Supplied material
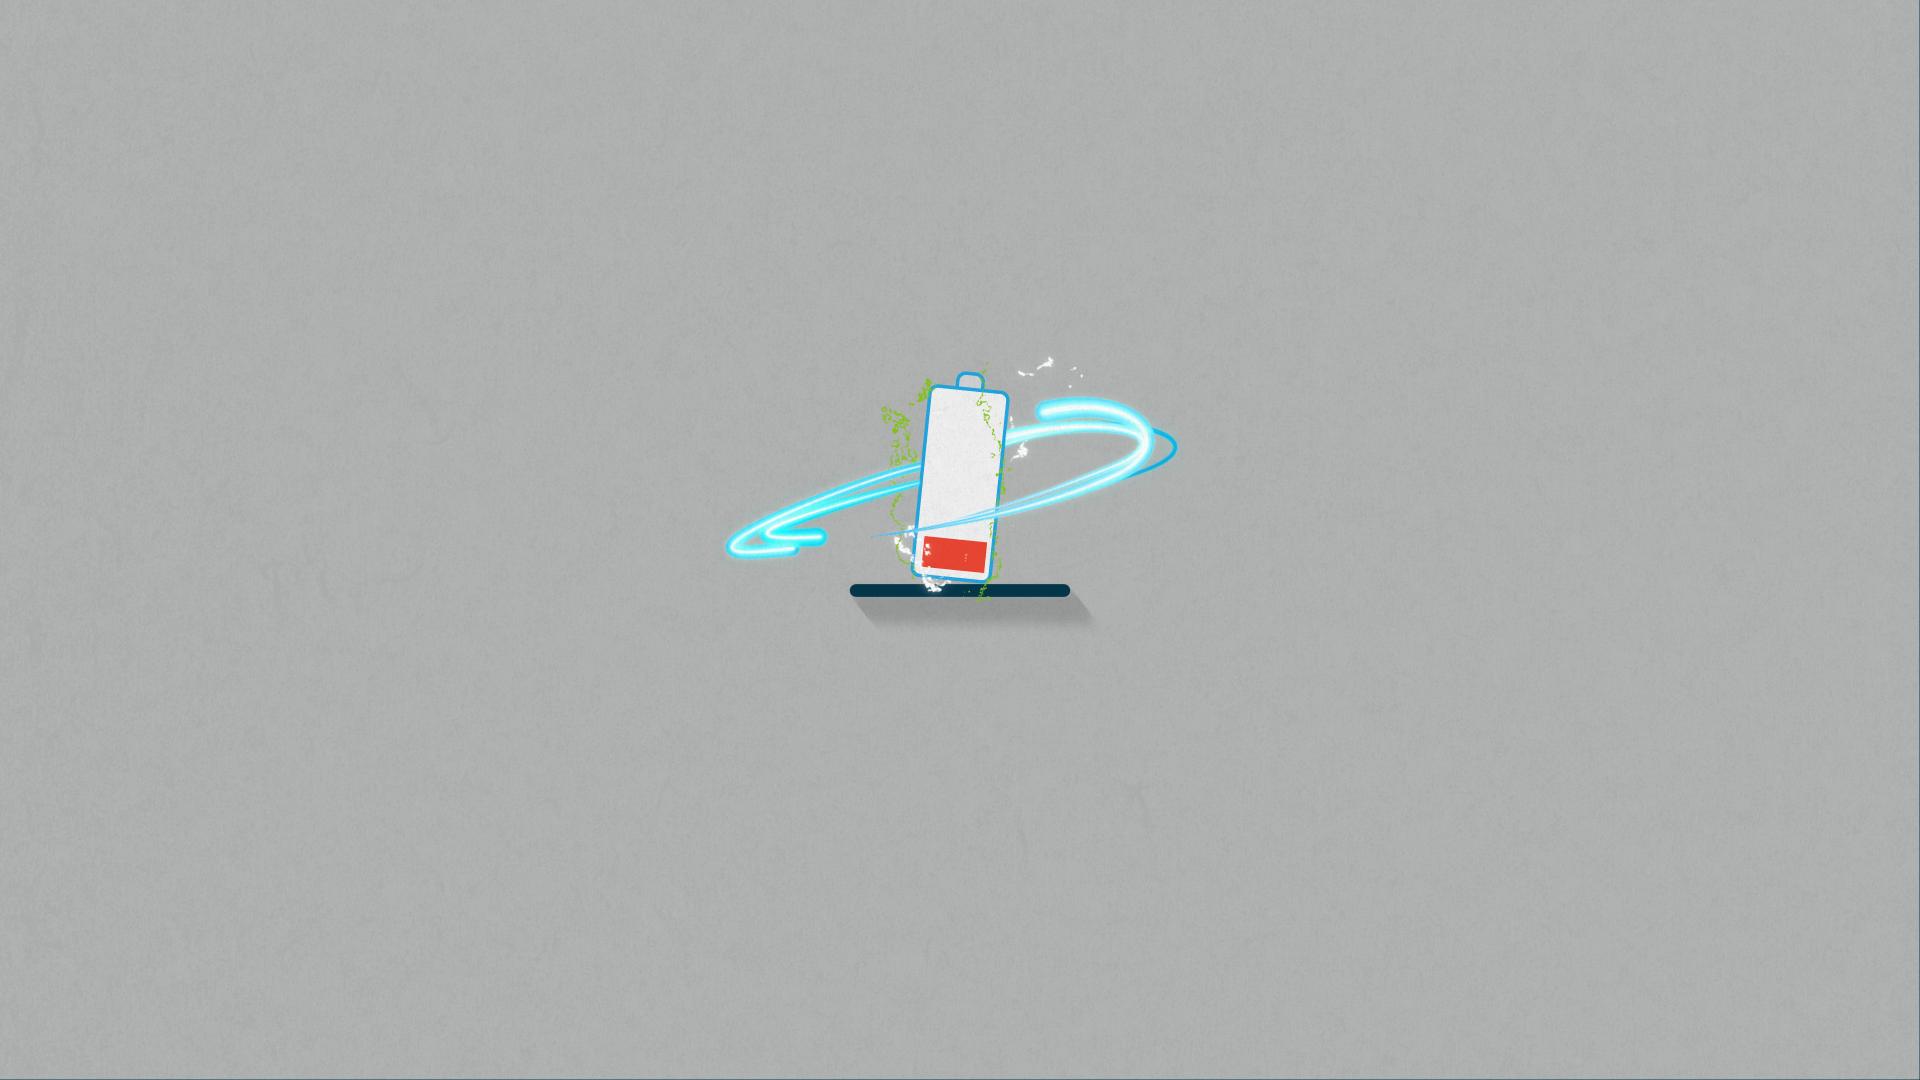 Energizer_Battery_5.8.2015_00928
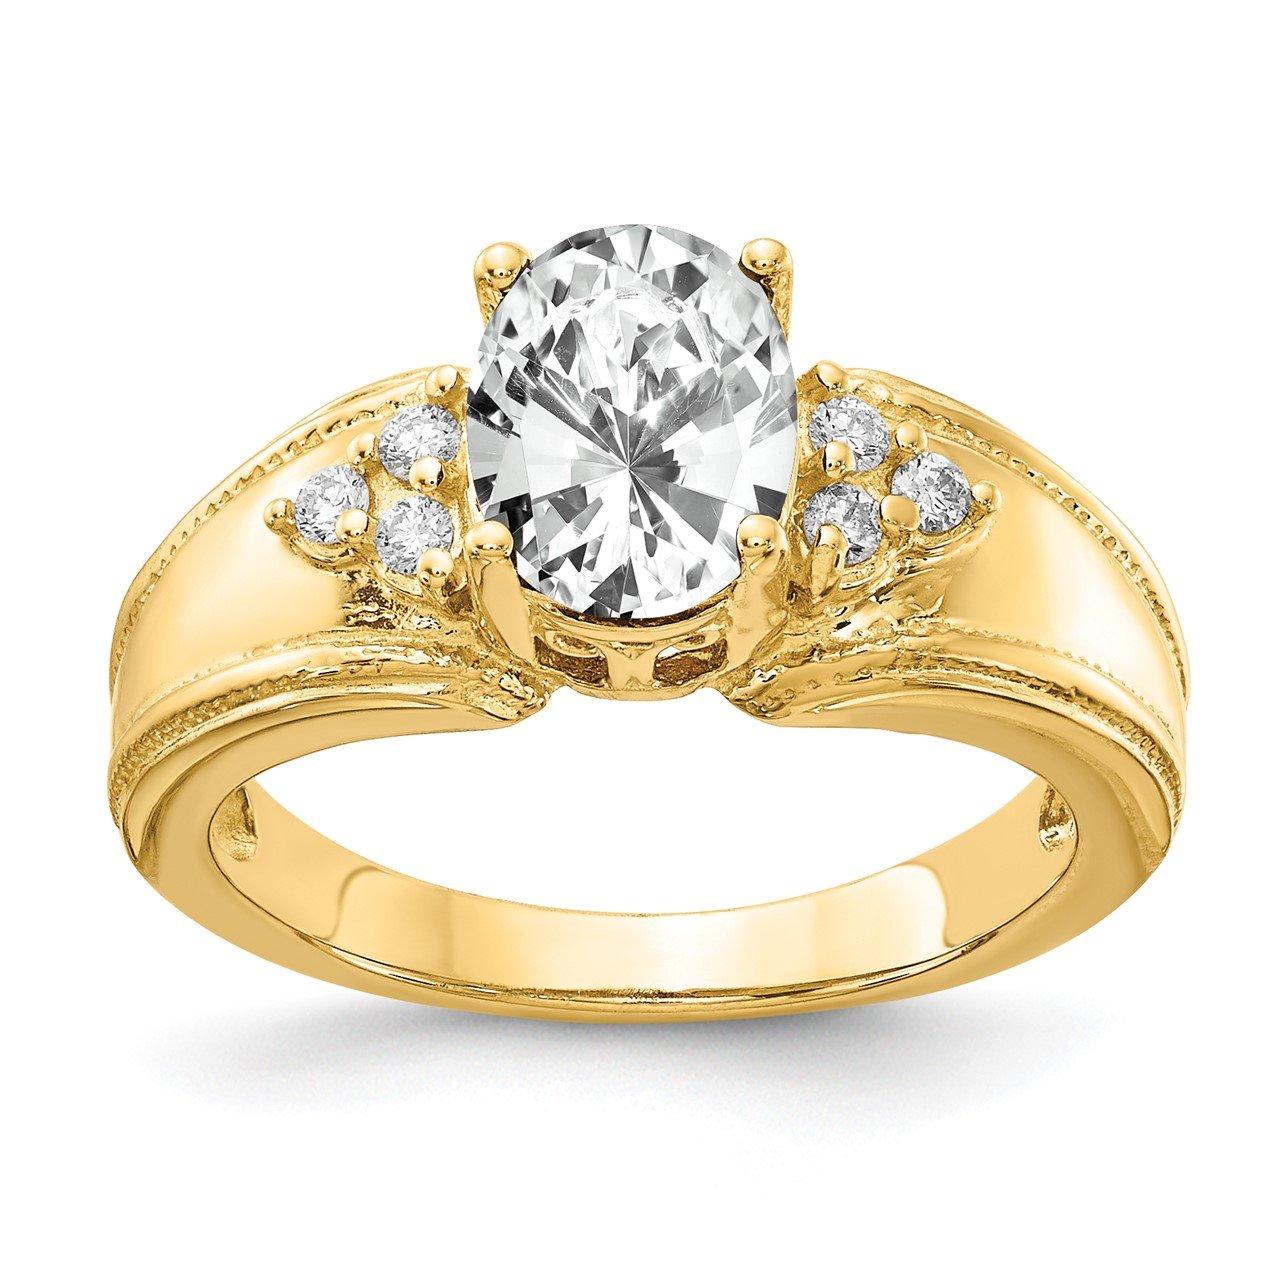 14k 8x6mm Oval Cubic Zirconia VS Diamond Ring
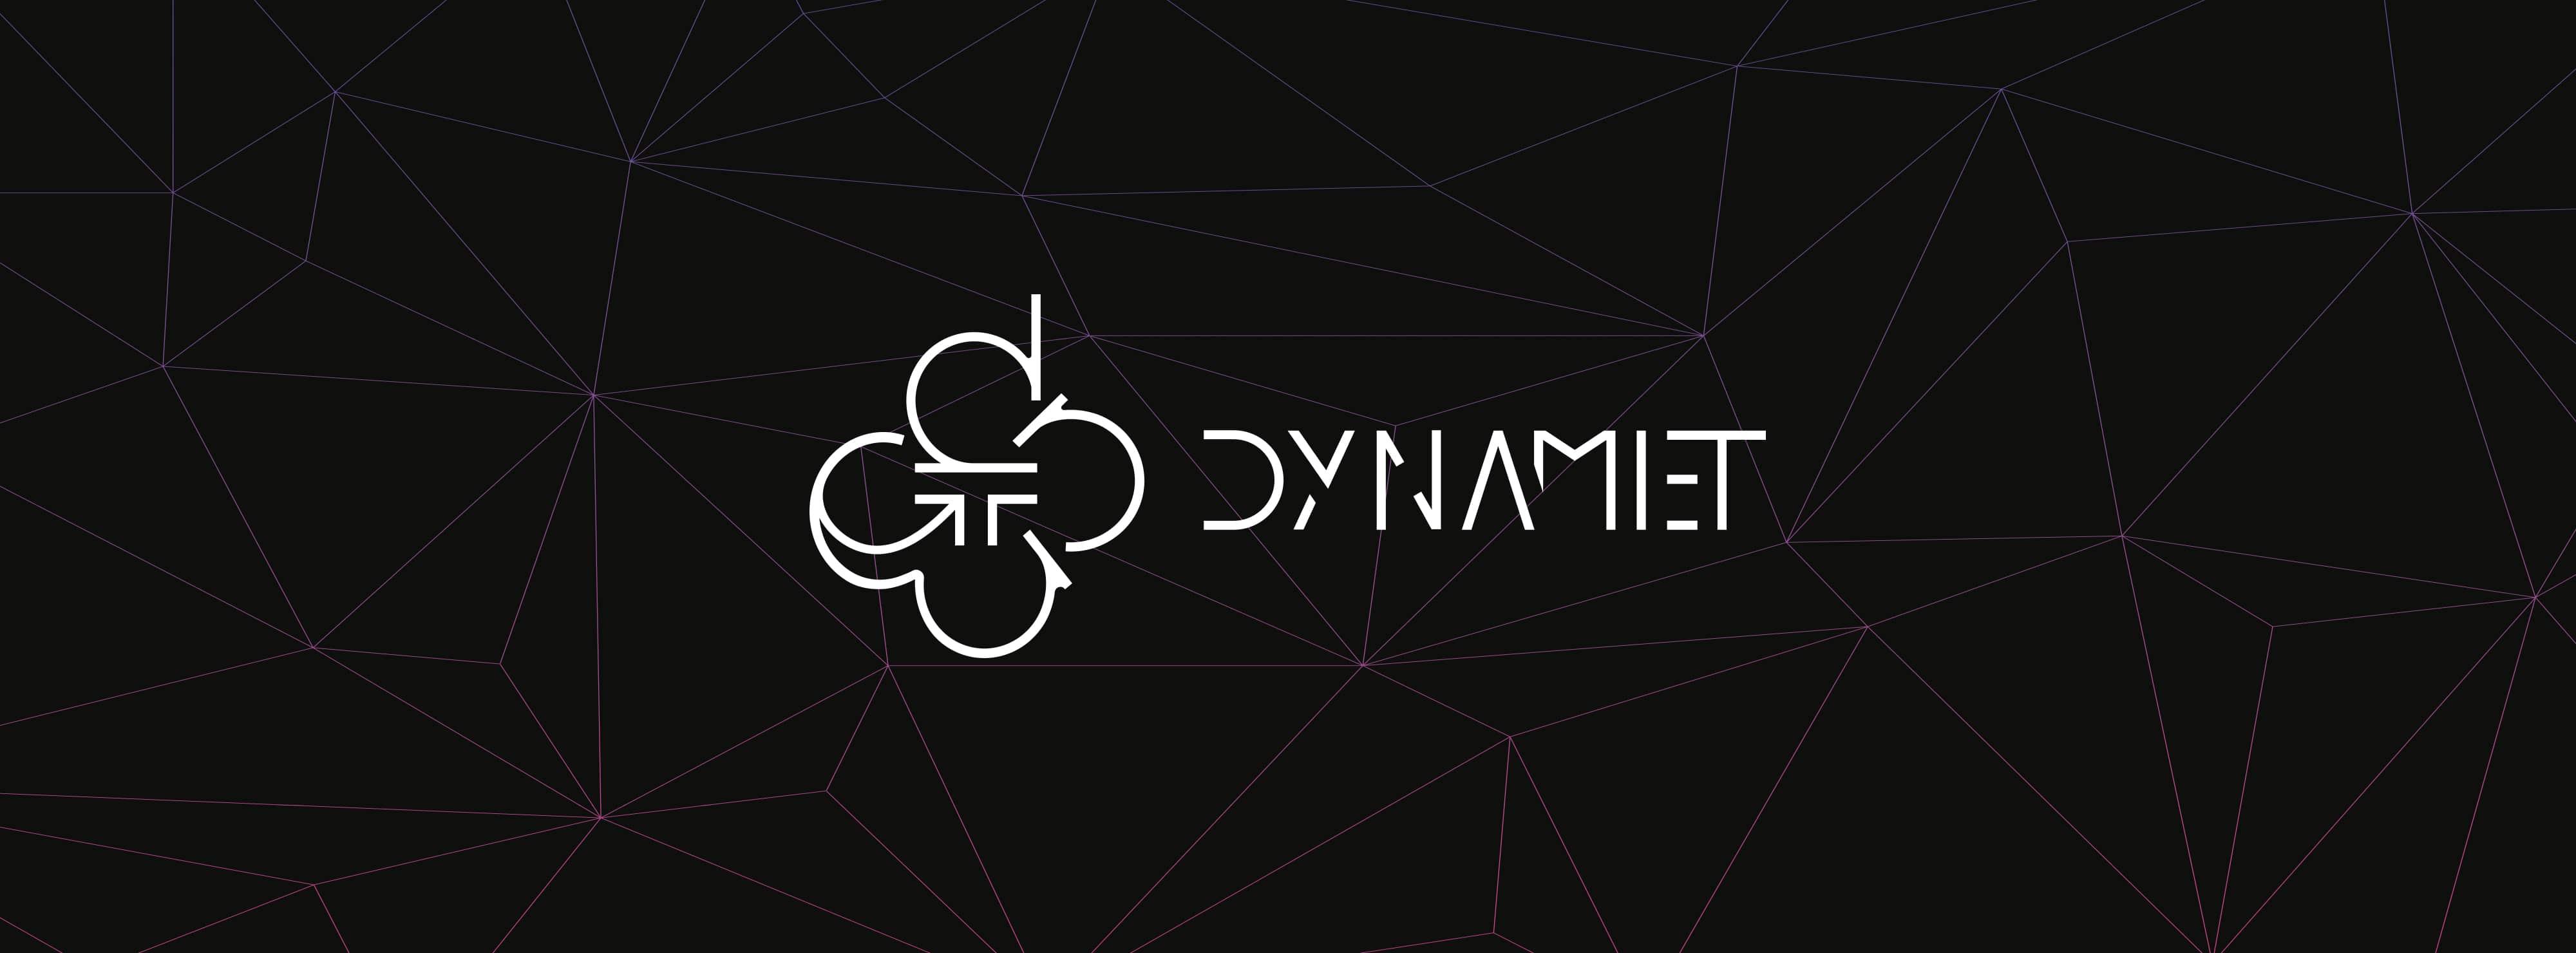 2dce29755fa Home - Dynamiet

Instructions for the task
In the printed copy, the material above must appear unchanged and without its pictures.

Solution for this exercise
 Energizer_Battery_5.8.2015_00928
 14k 8x6mm Oval Cubic Zirconia VS Diamond Ring
 2dce29755fa Home - Dynamiet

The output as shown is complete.